> _Collected data_:
_ _ _ _

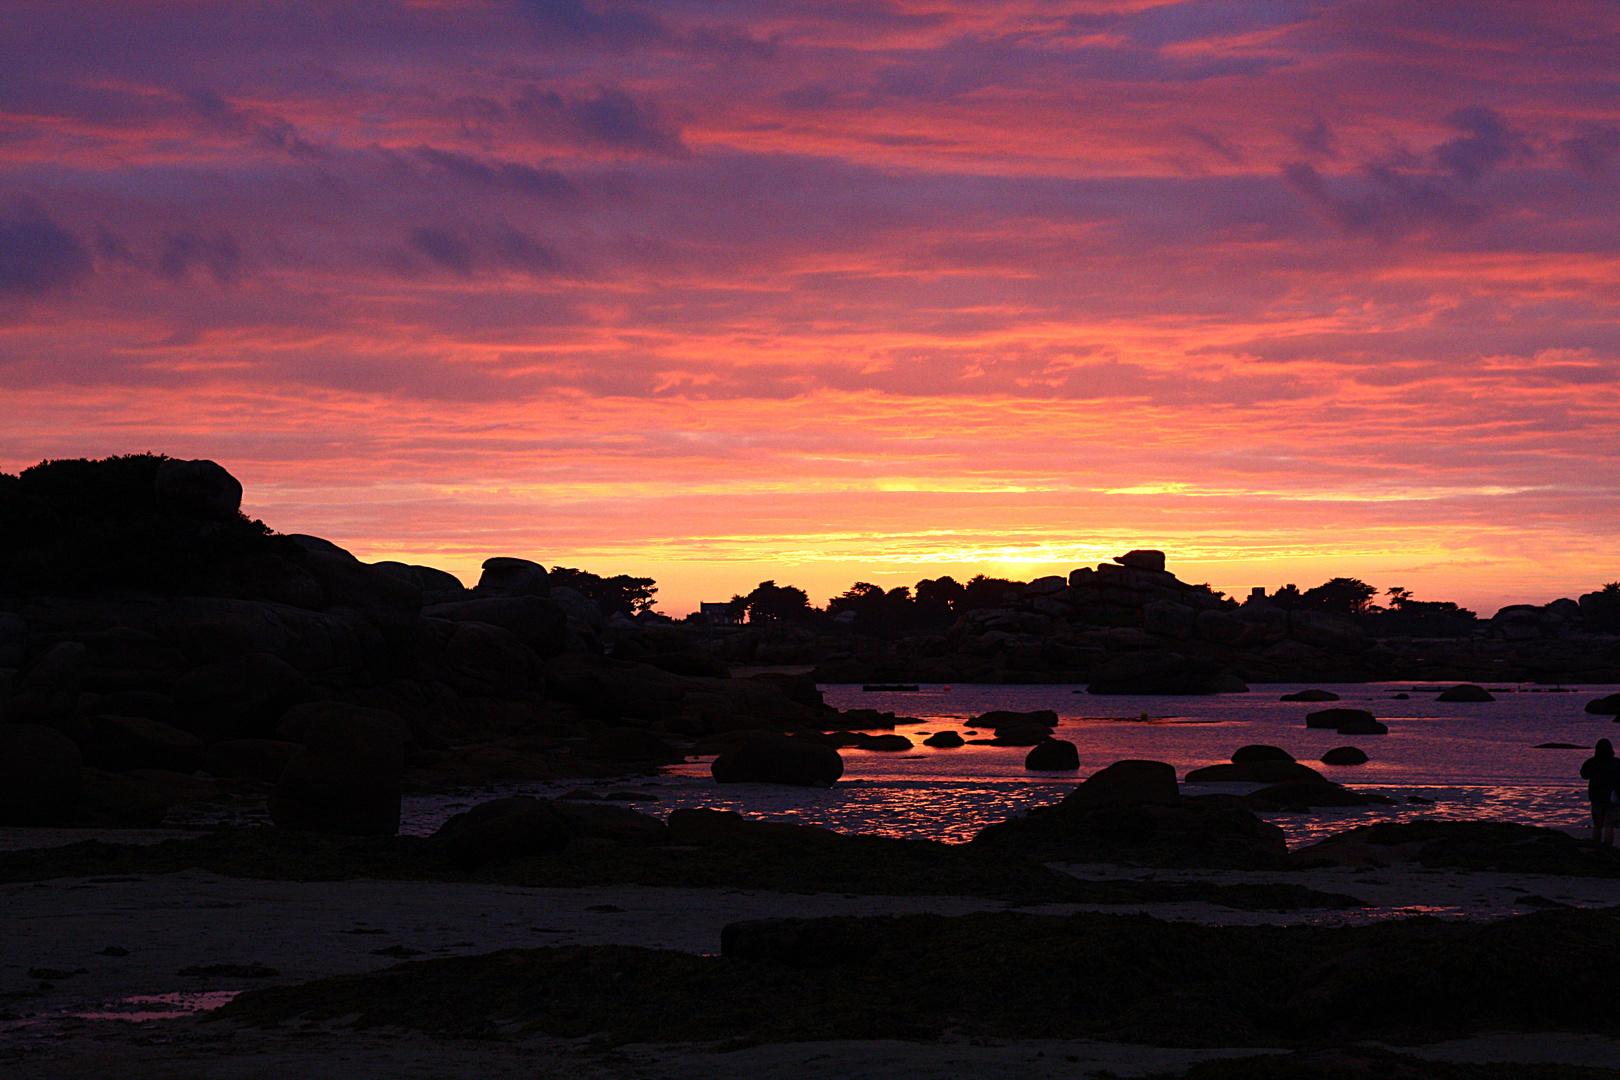 Sonnenuntergang am Atlantik (2)
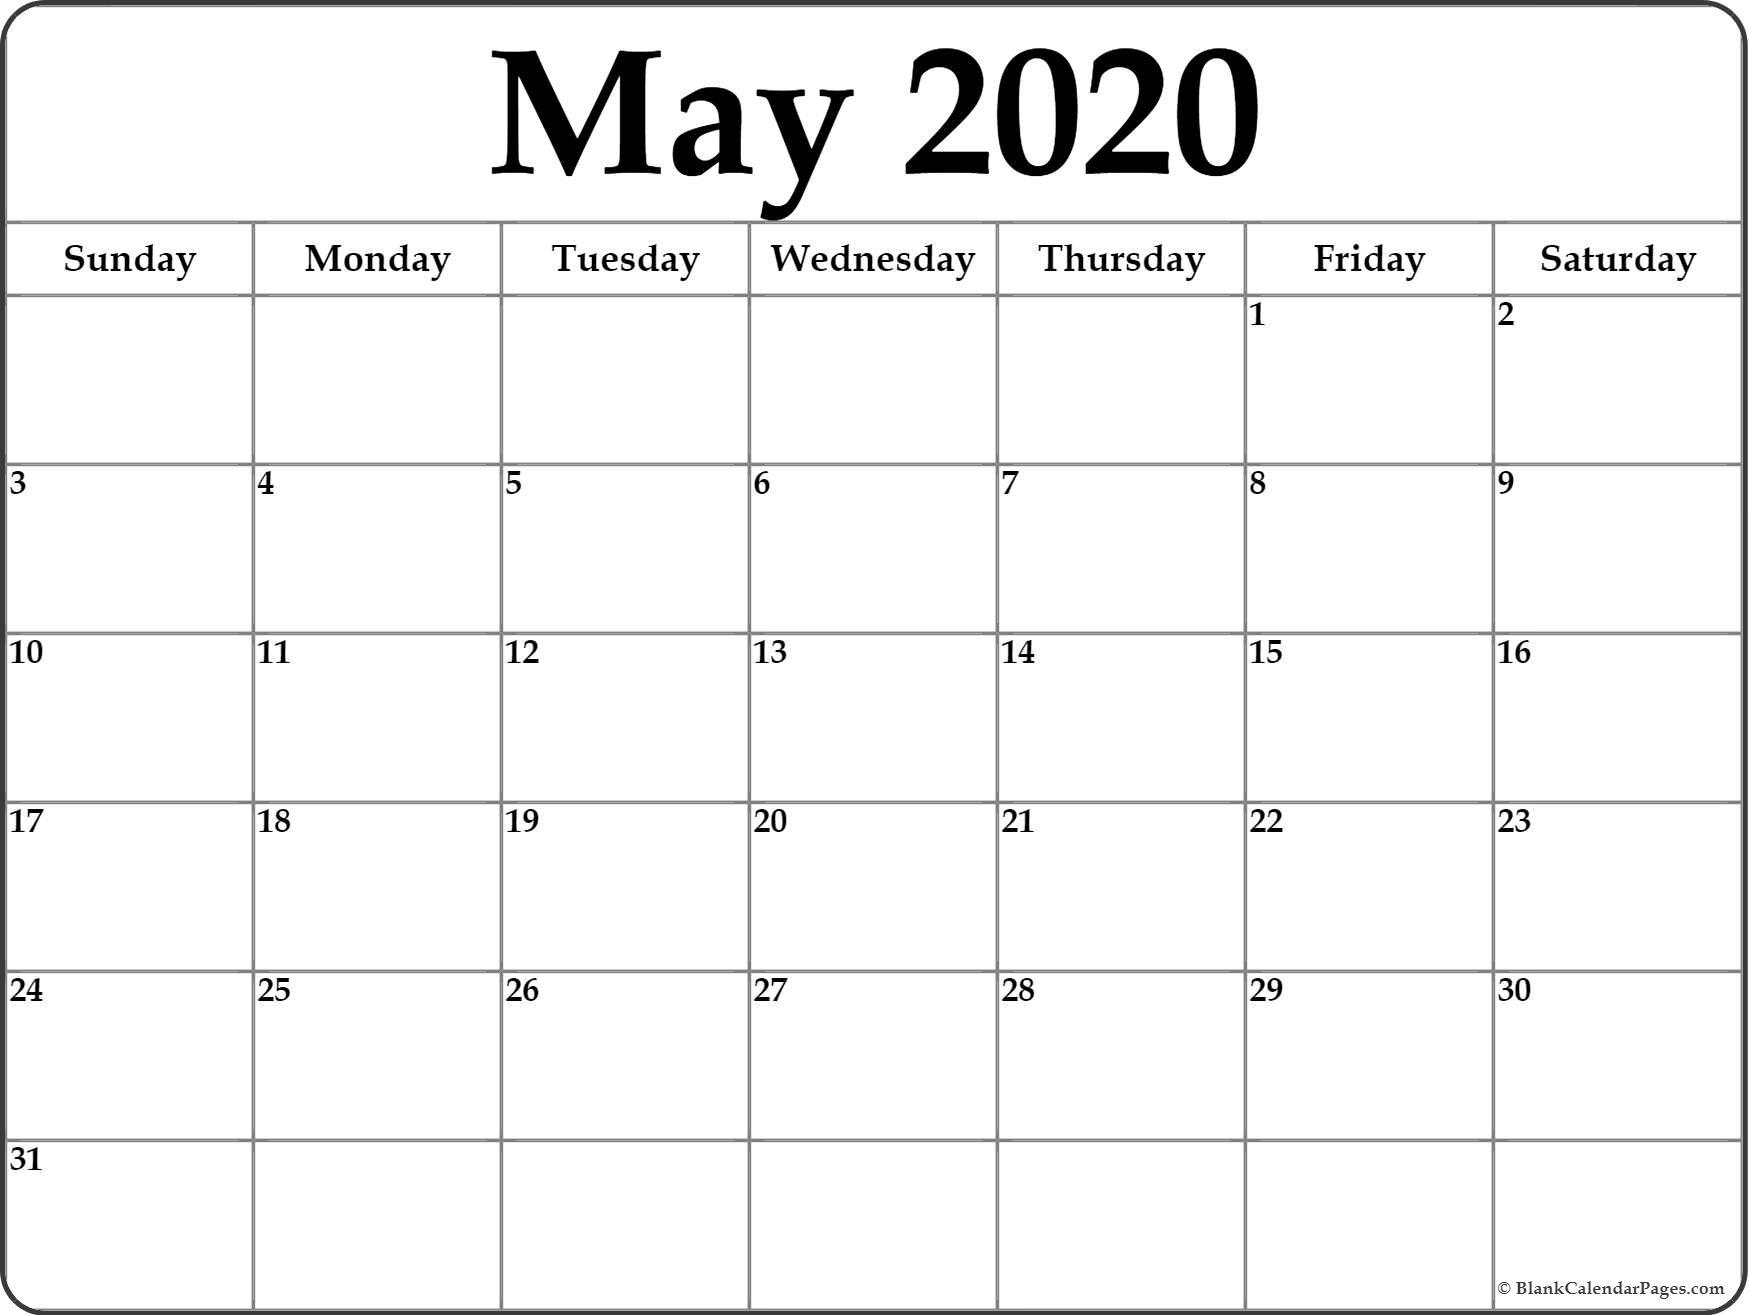 May 2020 Calendar | Free Printable Monthly Calendars throughout Free Blank Printable Monthly Calendar 2020
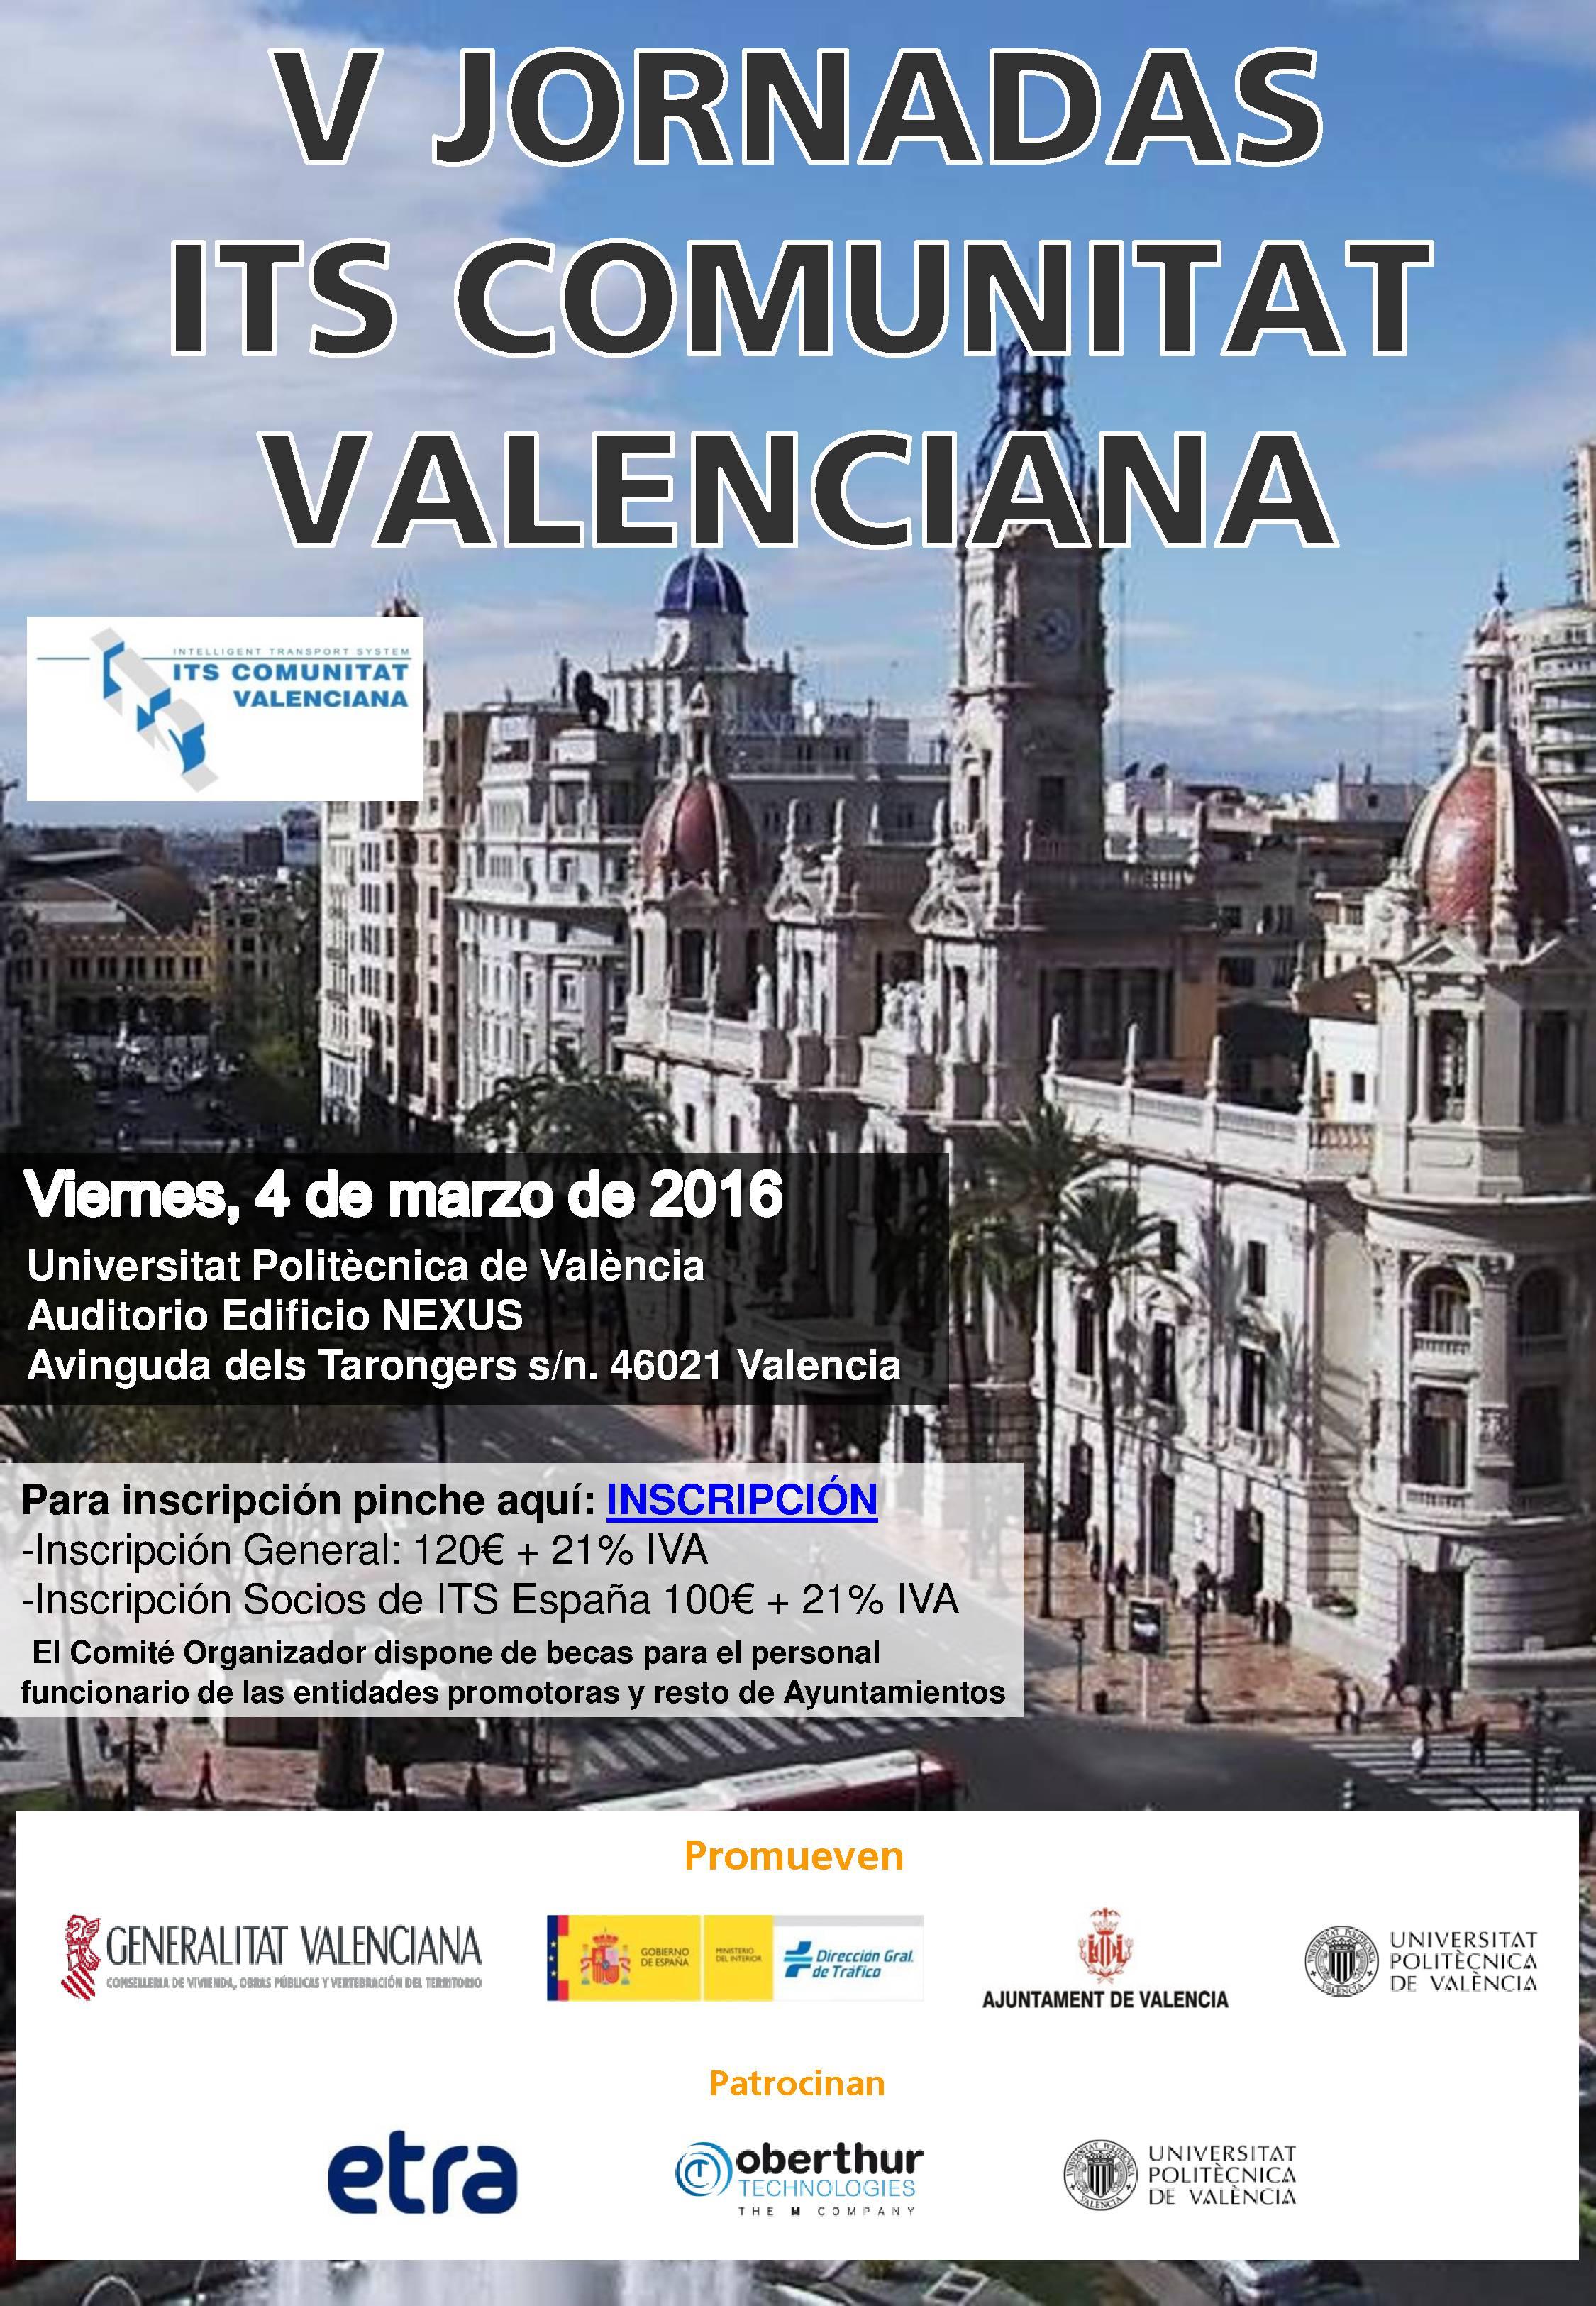 20160304-v-jornadas-its-comunitat-valenciana

_ _ _ _

> _Exercise description_: Make an exact copy of the listing. Leave its pictures out.

> _Exercise answer_:
 Sonnenuntergang am Atlantik (2)
 May 2020 Calendar | Free Printable Monthly Calendars throughout Free Blank Printable Monthly Calendar 2020
 20160304-v-jornadas-its-comunitat-valenciana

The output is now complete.